Warning message: In propertee::cov_adj(cmod, design = des, newdata = as.data.frame(Q_df), : The treatment variable is in the covariance adjustment model, and is neither logical or numeric; for now, partial residuals only implemented for logical or numeric treatments

Problem is, the trigger conditions for this warning don't currently include a check for whether this variable actually contributes to the covariance model; see cov_adj.R#L64-79. I hit it in a case with a covariance model without the treatment variable, and was quite confused.

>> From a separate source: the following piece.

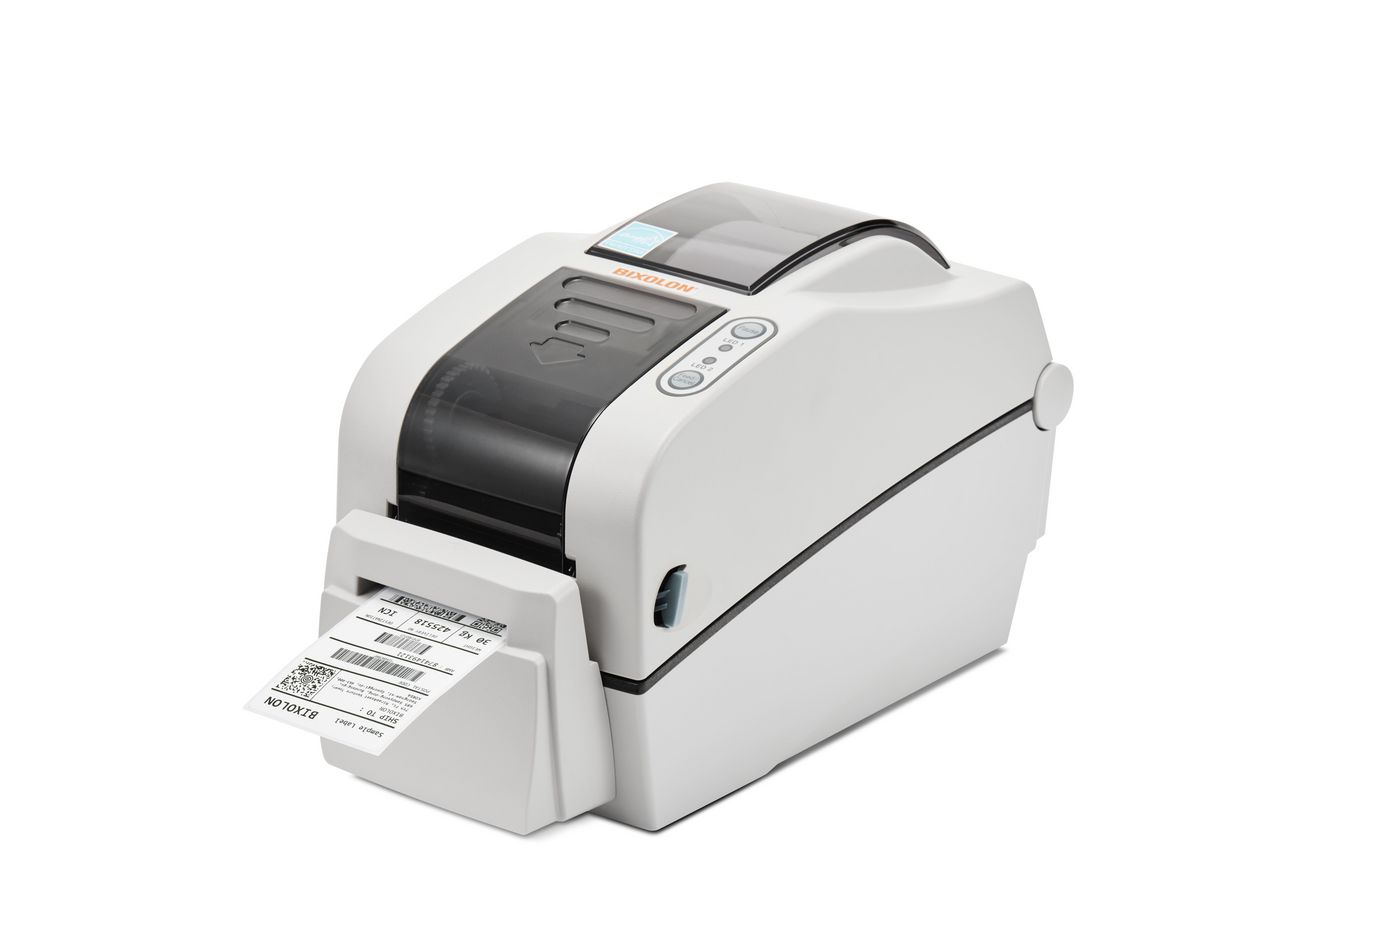 Slp-tx223c - Label Printer - Direct Thermal - USB / Serial / Parallel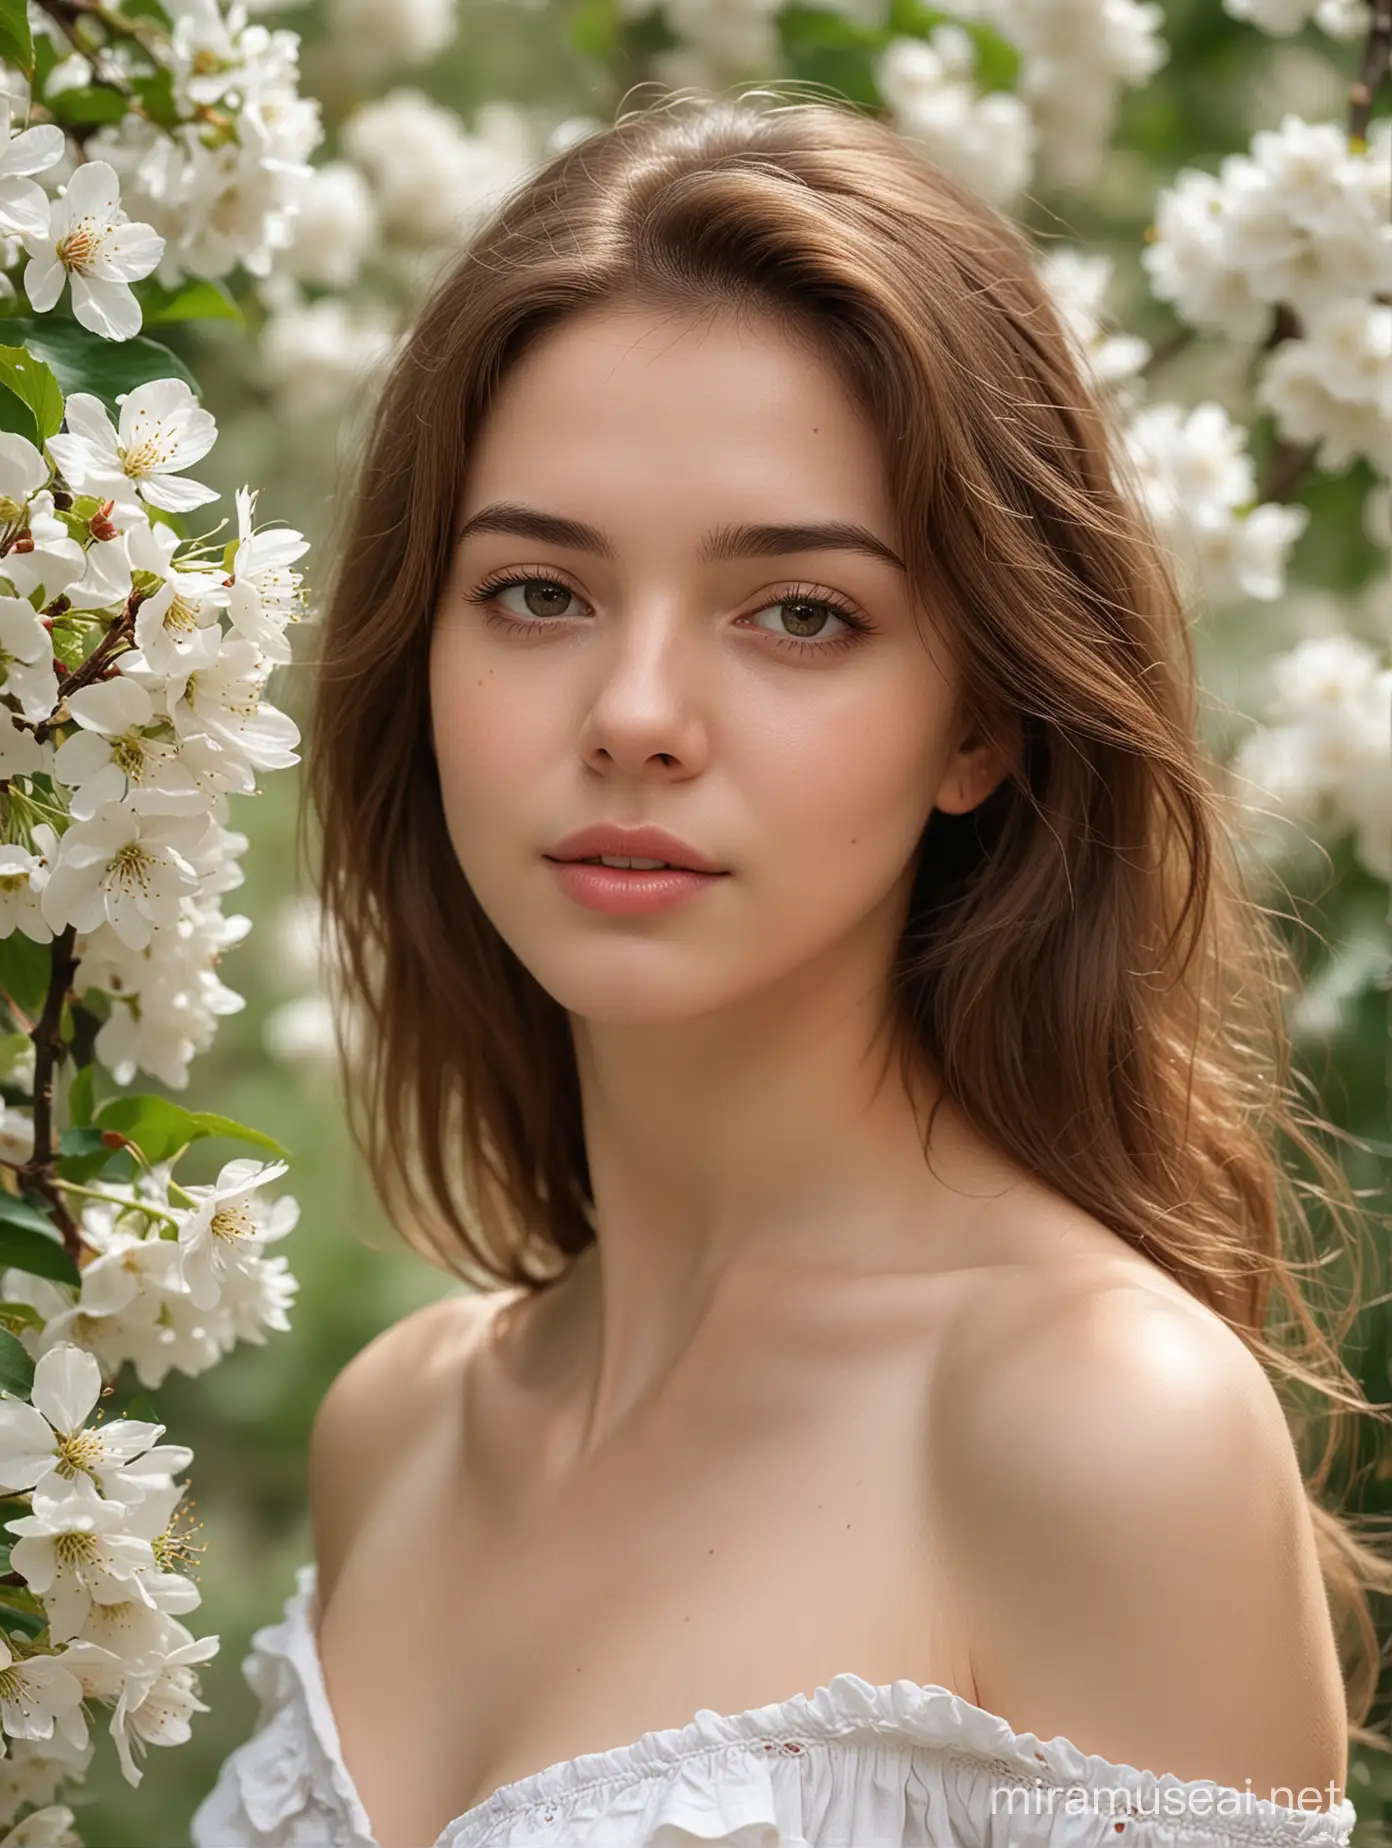 adult girl,( exstrem detailed face,detailed skin) old 18 year full body Nude, graceful girl,cherry bloom,Flower garden,outdoor.

  1. Let's add such a check. Or perhaps adjust the warning, if adjusting the conditions turns out to be unduly tricky.
  2. From cov_adj()'s perspective, it seems that we prefer that treatments be encoded in Design's as factor rather than character variables. (Of course logicals are better yet, but when there are more than 2 categories, with factors we get to follow the convention of taking factor level 1 to be the control condition, whereas with characters we don't have anything to identify that condition with.) So let's adjust our warning to indicate to the user that for cov_adj()'s purposes it's safer to encode their character treatment variables as factors.
benthestatistician commented 2 weeks ago

Could you take a look, @josherrickson? At your convenience. I've tentatively assigned you. Part 2 relates to #78, and we can discuss it before moving ahead with it, if you think that's appropriate.